STONEWALLING – Review by Nadine Whitney
Writer/director Huang Ji and her life partner cinematographer Ryûji Otsuka have a complex relationship to “Westernized” China, or more specifically capitalism in China. Stonewalling forms part of a loose trilogy investigating contemporary China and its social and cultural mores.
Twenty-year-old Lynn (Honggui Yao) is part of the upwardly mobile generation. She is studying to be a flight attendant in Changsha and sharing rarefied spaces with her influencer boyfriend Zhang (Liu Long) who dreams of leaving China. To an extent Lynn is a means to his end, Her career as a flight attendant will give him access to the international world. He’s enrolls her in English classes and insists that she courts the “right people” to aid in their chances of making it.
Lynn’s life is more complex than it first appears. Her mother is in debt after having to cover a botched procedure at the family’s gynecology clinic. Lynn is paying her mother’s debt by taking jobs modeling cheap clothing and jewelry, and she becomes part of a black-market ring to sell her eggs to wealthy people.
When Lynn realizes she’s pregnant and tells Zhang (in a scene meticulously constructed to show the power dynamics of the relationship), he bemoans the inconvenience but won’t outright tell her to get an abortion — because he doesn’t want Lynn blaming him for it. His lack of interest in the fetus and Lynn track with his general character. While Lynn tries to decide what to do, she moves to the city outskirts where her parents live .
Lynn doesn’t quite belong in either of her worlds. Her mother has all but abandoned her clinic and is now working in a shady pyramid scheme selling “Vital Cream” for Boss (Cui Chu). Her parents’ relationship is strained and as their only child (China’s one child policy was only rescinded three years prior to the events in the film) it falls upon her to take care of them no matter what foolish decisions they’ve made.
As a way of paying off her mother’s debt she agrees to have the baby and give it to Boss’ relative Sylvia who lost her child due to some malpractice (perhaps) by Lynn’s mother. If the debt is paid off, Lynn will be free of some of the financial responsibilities placed on her. She’ll be able to resume her life in Changsha and no-one will be the wiser about the pregnancy, including Zhang.
Lynn, who has been exploited by China’s new capitalist gig economy. is not above exploiting other women. She gets involved again in the black-market egg sales and this time she is presenting young women from rural provinces who have even less agency over their bodies than she has had.
Huang Ji and Ryûji Otsuka favor a pulled back cinematic approach. Wide shots are favored over close-ups. In a sense, Lynn could be any young woman who is trying to find a route out her passive role in Chinese society. Being a college student puts her in an emerging social class, but she still belongs to the proletariat who struggle to survive in a transitioning China. She is above the young women she is a “caretaker” for in the black-market scheme, but below Zhang and the emerging wealth that comes from being a TikTok influencer.

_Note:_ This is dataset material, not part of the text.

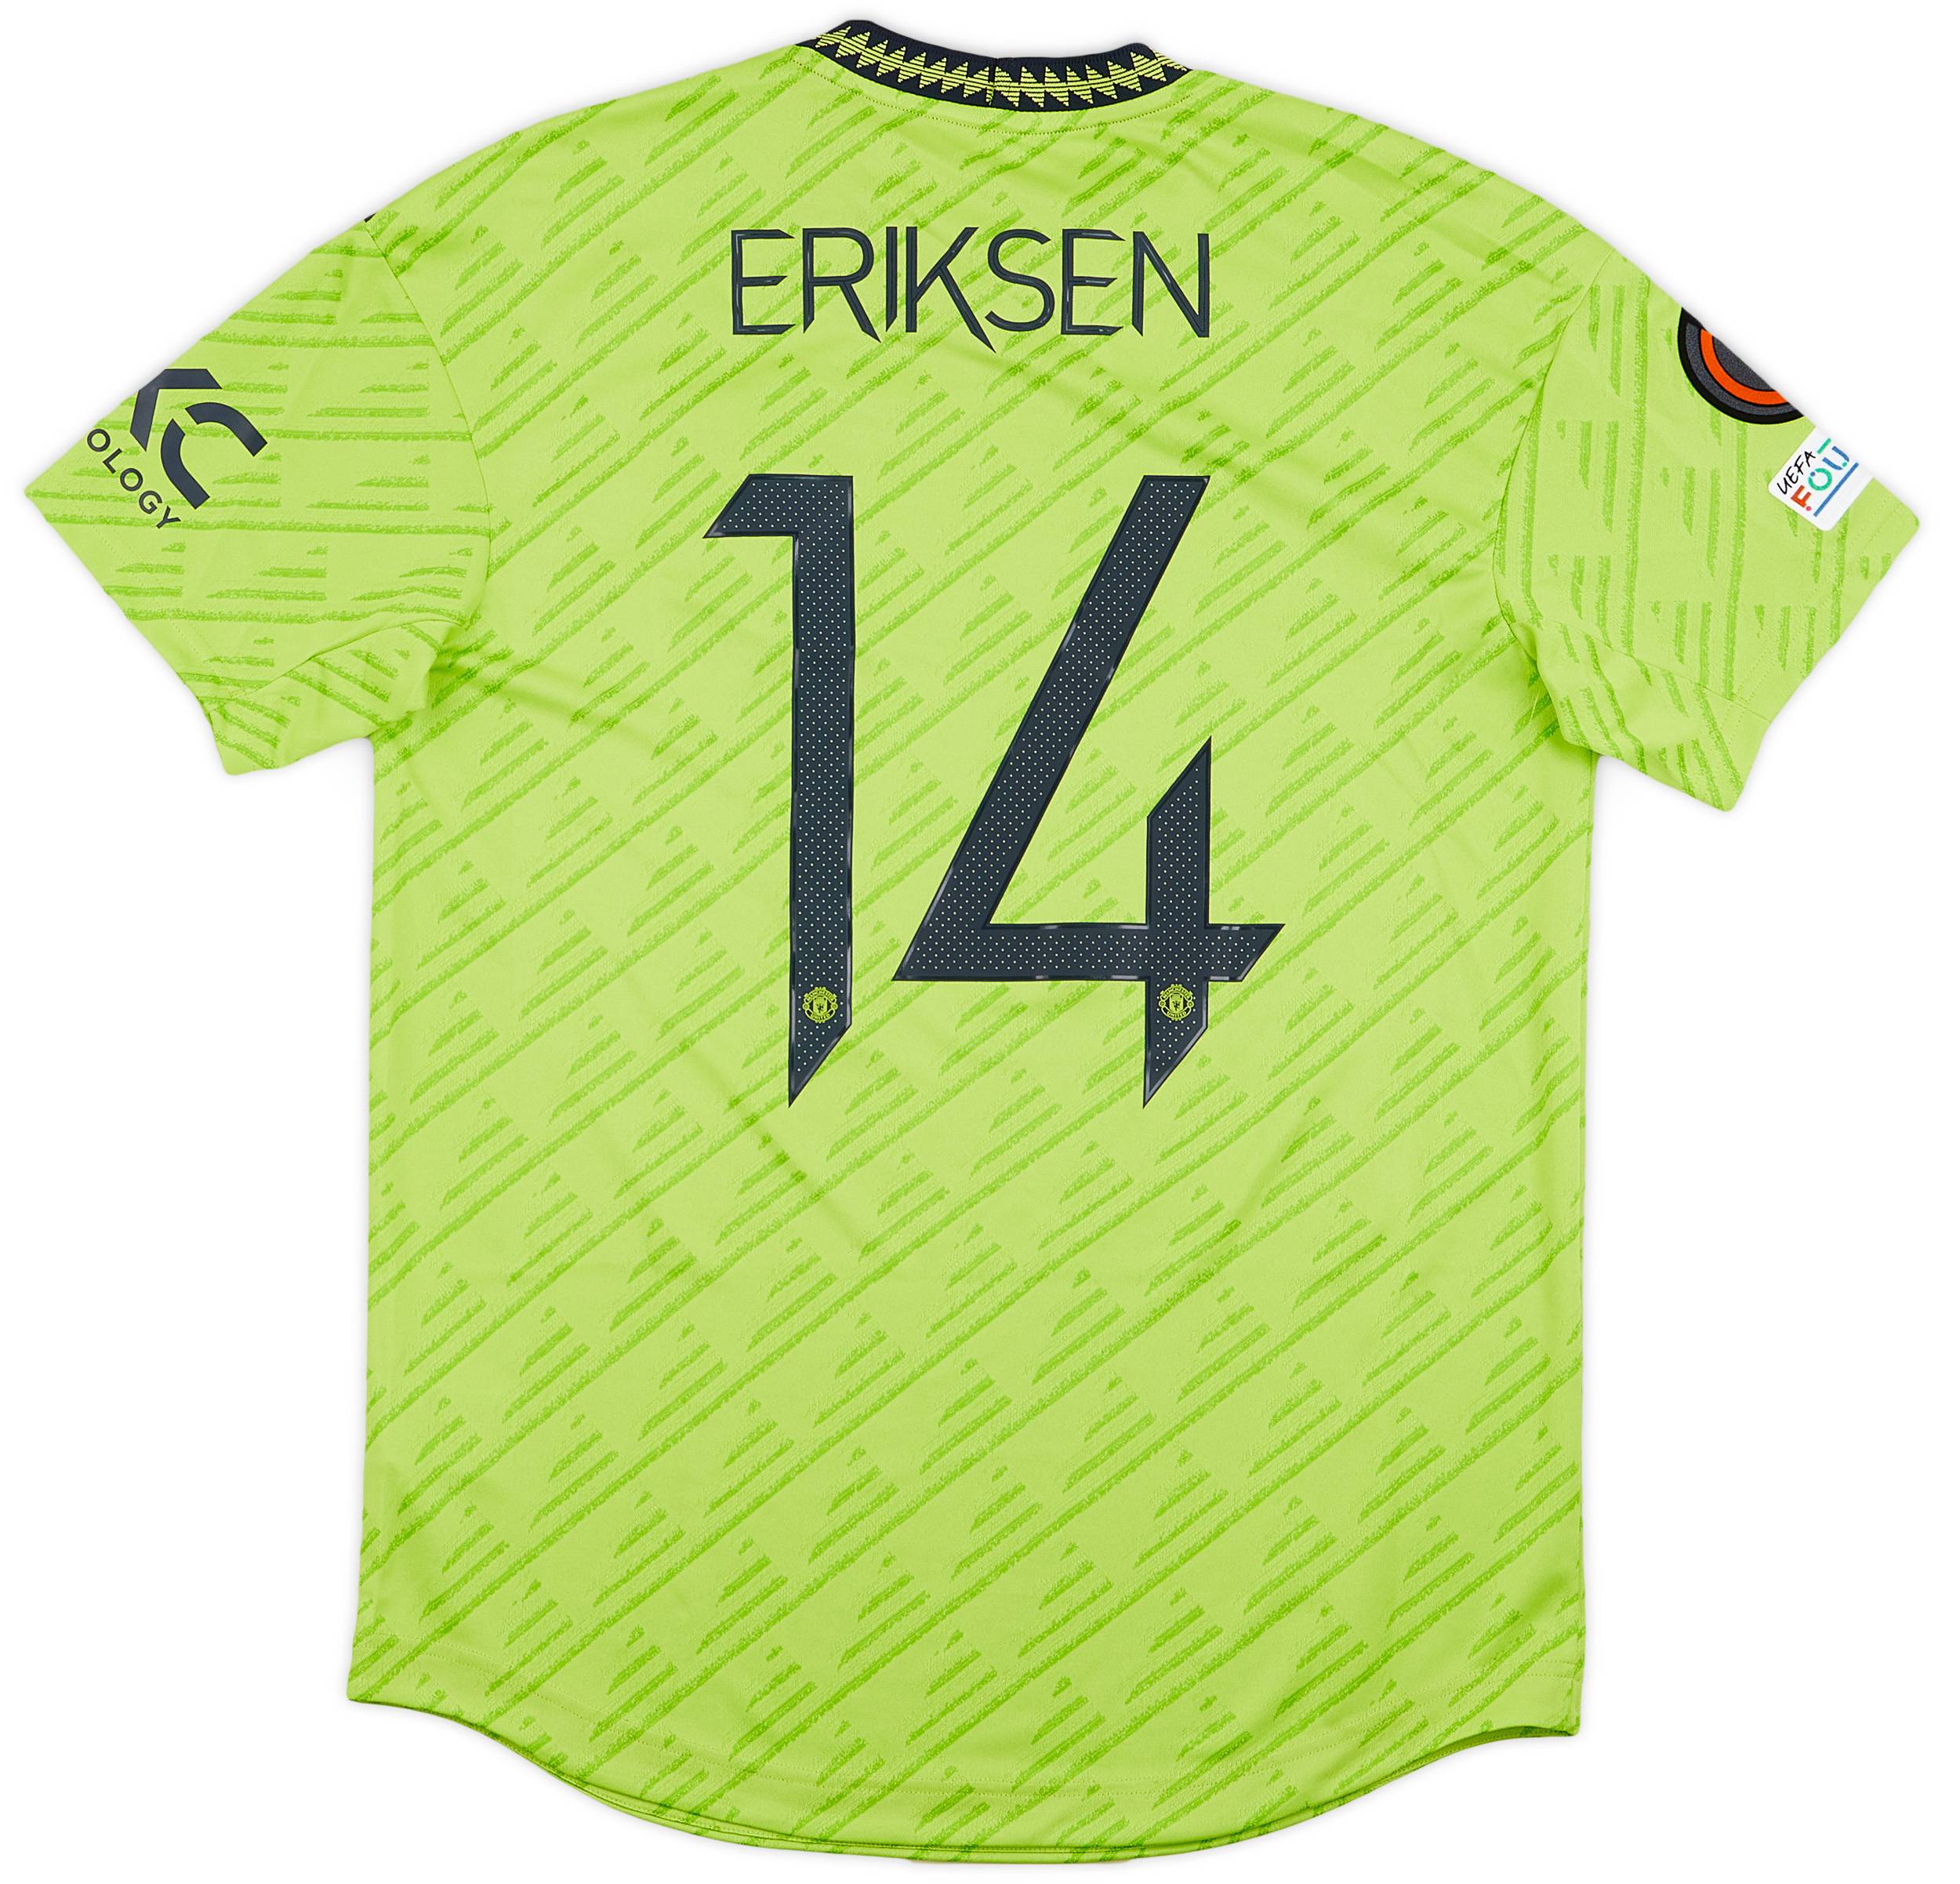 2022-23 Manchester United Authentic Third Eriksen #14 (M)

In one scene she exclaims to her mother “I’m an easy mark,” and that extends to many of the young women (and older women) in the film. Although Stonewalling is about Lynn’s experiences it is also about the experiences of hundreds of young people in China. Lynn’s pregnancy is seen as suffocating and alienating her, her body is not her own – but arguably her body was not her own before she conceived. As Lynn fights for some form of autonomy Huang Ji and Ryûji Otsuka question whether it is possible at all.
Stonewalling is a slow-burn and a somewhat long film that is rich in symbolism and metaphor but also gets to the point. What true autonomy do people have in capitalist China? How does the gig economy allow for them to succeed, and what are the chances for women who still live under the patriarchal strictures of a society that was supposed to be built on equality? The final scene gives a vague answer, but like the rest of the film it is more of a hanging question. Is there freedom in contemporary China, and if so, how much does it really cost.